Figure 3.. ASS1 promotes de novo arginine production in normal and IPF HLFs.

(A) Intracellular levels of argininosuccinate from cells cultured in HPLM as in (2A). Cells were treated with TGF-β or left untreated for 48 hours. (B) Western blot analysis of collagen 1 and α-smooth muscle actin protein expression in HLFs cultured in HPLM that contains arginine (0.11mM) and citrulline (0.1mM) as indicated. Cells were treated with TGF-β for the indicated intervals. (C) Heatmap analysis showing the KEGG arginine and proline metabolism pathway on RNAseq data from 3 clones of normal and 3 clones of IPF HLFs. (E) Dot plot representation of the expression of arginine metabolic enzymes in fibroblast subpopulations from pulmonary fibrosis patients and control donor lungs and stratified by disease state as defined by Habermann et al [44]. (F-G) UMAP projections of fibroblast subpopulations and ASS1 mRNA expression in fibroblasts from pulmonary fibrosis patients. (H) Intracellular levels of arginine, ornithine, citrulline, and argininosuccinate from normal and IPF HLFs cultured in HPLM. Cells were treated with TGF-β or left untreated for 48 hours. (I) Western blot analysis of collagen 1 and α-smooth muscle actin protein expression in HLFs cultured in HPLM that contains arginine (0.11mM) and citrulline (0.1mM) as indicated. Cells were treated with TGF-β for the indicated intervals.
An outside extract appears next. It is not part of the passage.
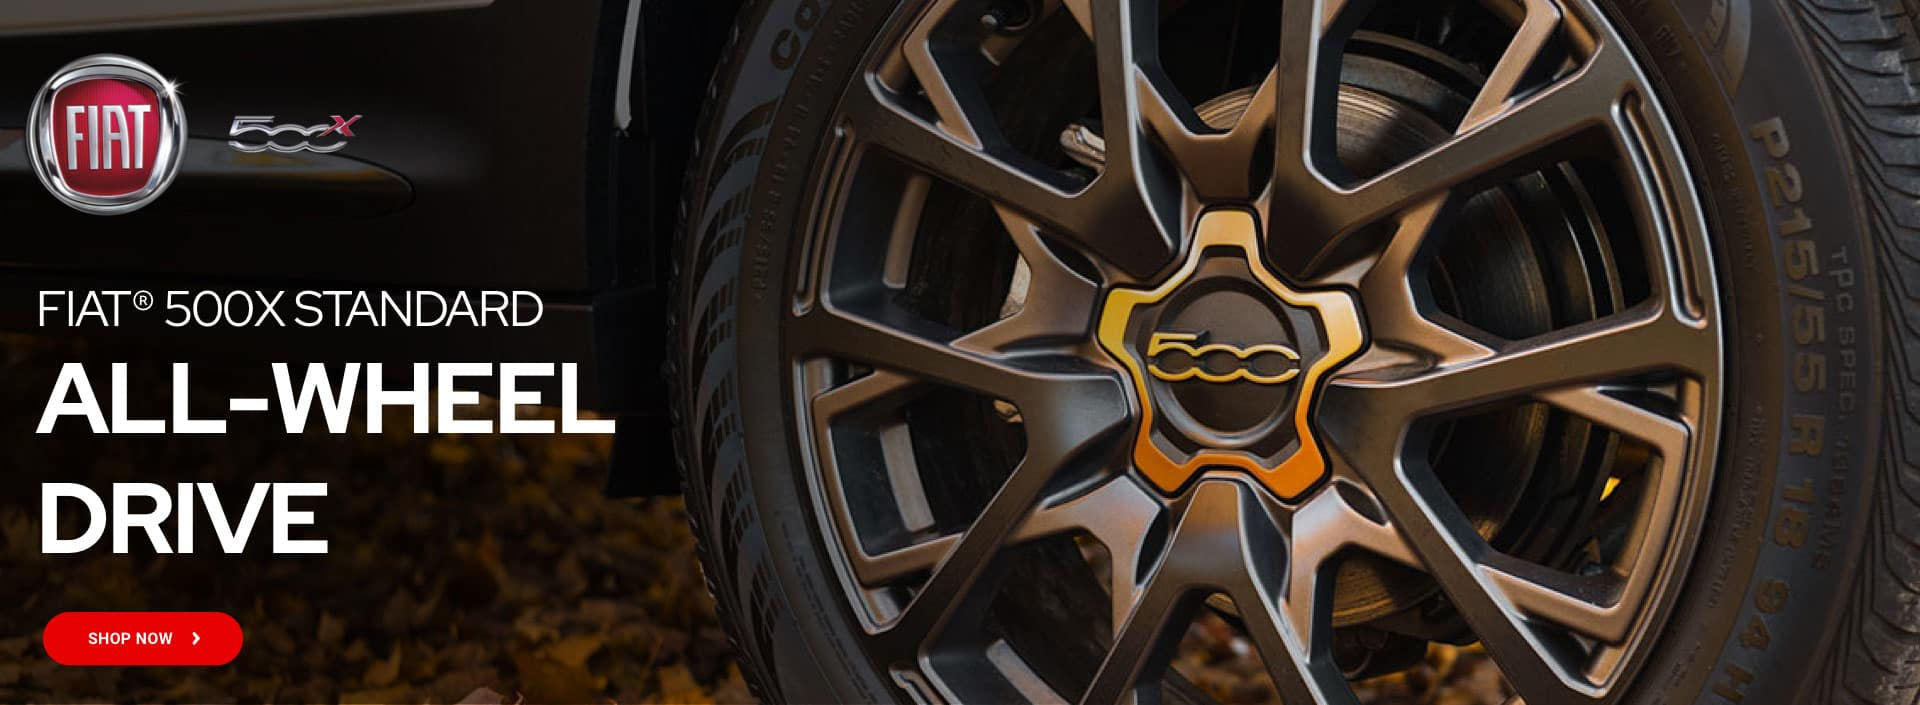 Fiat 500x Standard all wheel drive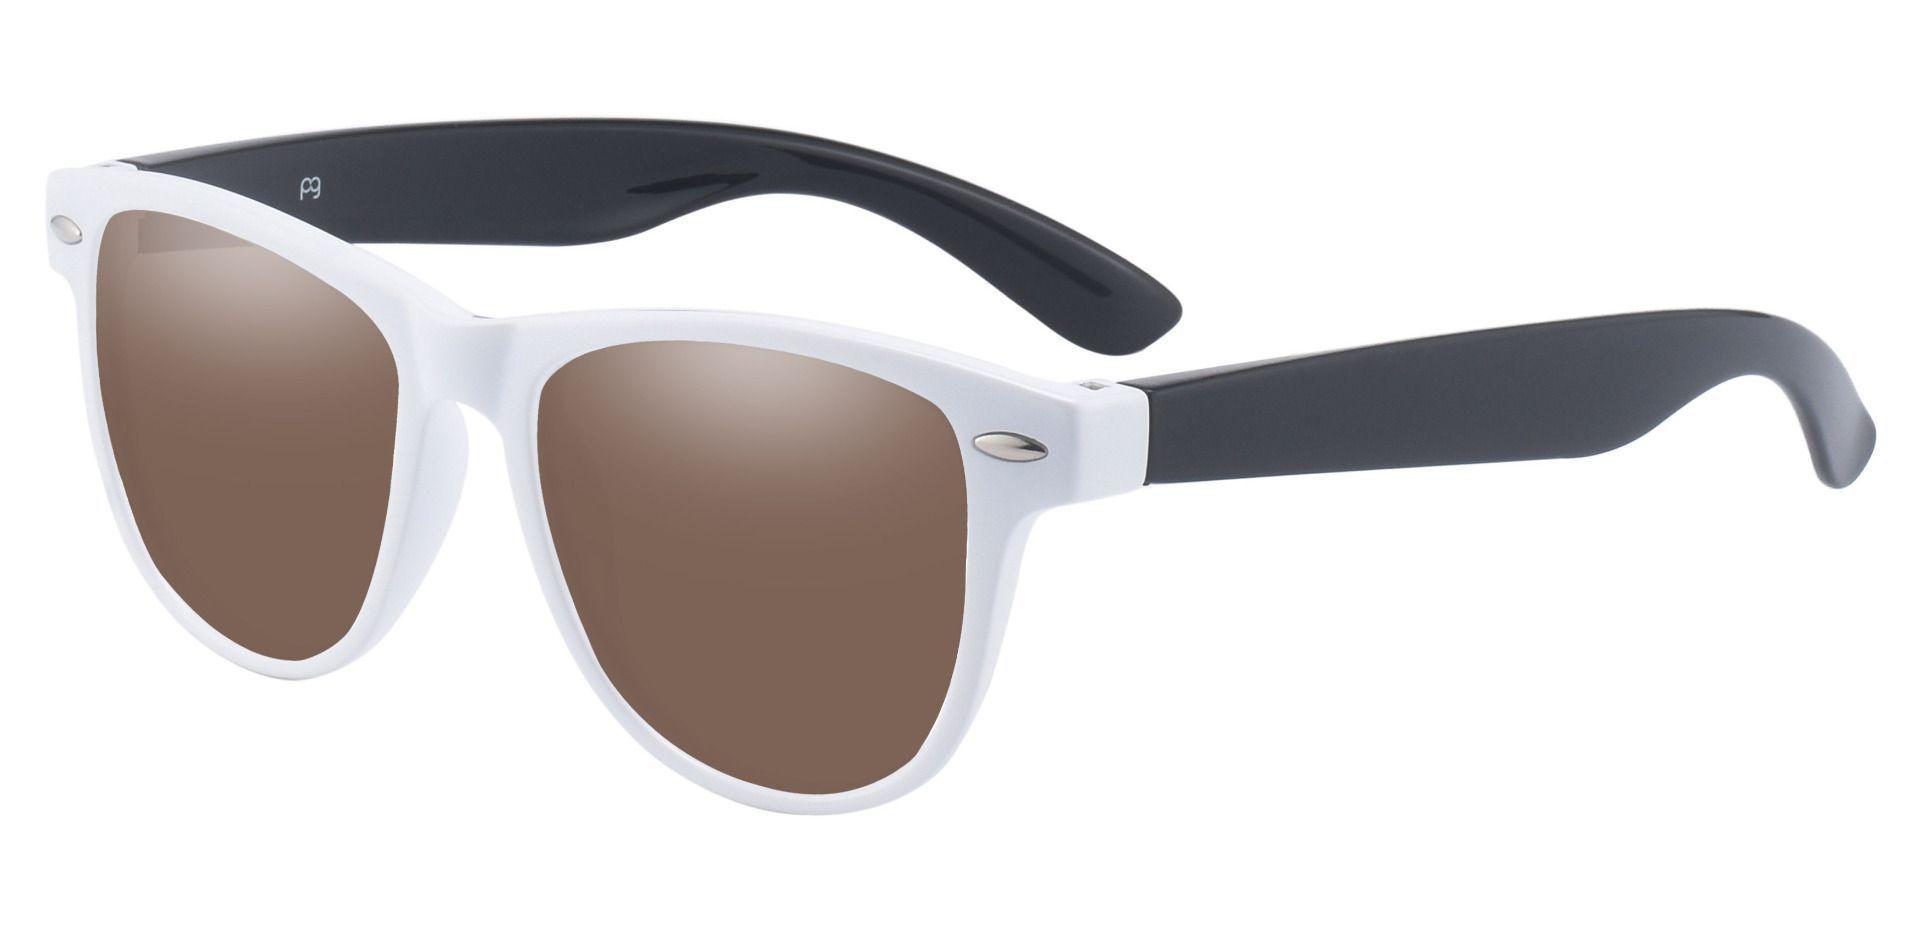 Radio Square Prescription Sunglasses - White Frame With Brown Lenses

Figure 4.. Metabolic tracing of arginine metabolism in human lung fibroblasts.

(A) Schematic representation of the metabolism of ¹³C₆ arginine. (B) Analysis of cellular arginine, ornithine, citrulline, argininosuccinate, and dimethylarginine in HLFs after labeling with ¹³C₆ arginine HPLM in the presence or absence of TGF-β. (C) Schematic representation of the metabolism of 4,4,5,5-D₄ citrulline. (D) Analysis of cellular citrulline, argininosuccinate, and arginine in HLFs after labeling with 4,4,5,5-D₄ citrulline HPLM in the presence or absence of TGF-β. (E) Schematic representation of the metabolism of ¹⁵N₂ ornithine. (F) Analysis of cellular ornithine, citrulline, proline, and putrescine in HLFs after labeling with ¹⁵N₂ ornithine HPLM in the presence or absence of TGF-β. (G) Schematic representation of the metabolism of ¹³C₆ arginine. (H) Analysis of cellular arginine, ornithine, citrulline, argininosuccinate, and dimethylarginine in HLFs after labeling with ¹³C₆ arginine DMEM in the presence or absence of TGF-β. (I) Schematic representation of the metabolism of ¹³C₅ glutamine. (J) Analysis of cellular glutamate, pyrroline-5-carboxylate, ornithine, and putrescine in HLFs after labeling with ¹³C₅ glutamine DMEM in the presence or absence of TGF-β.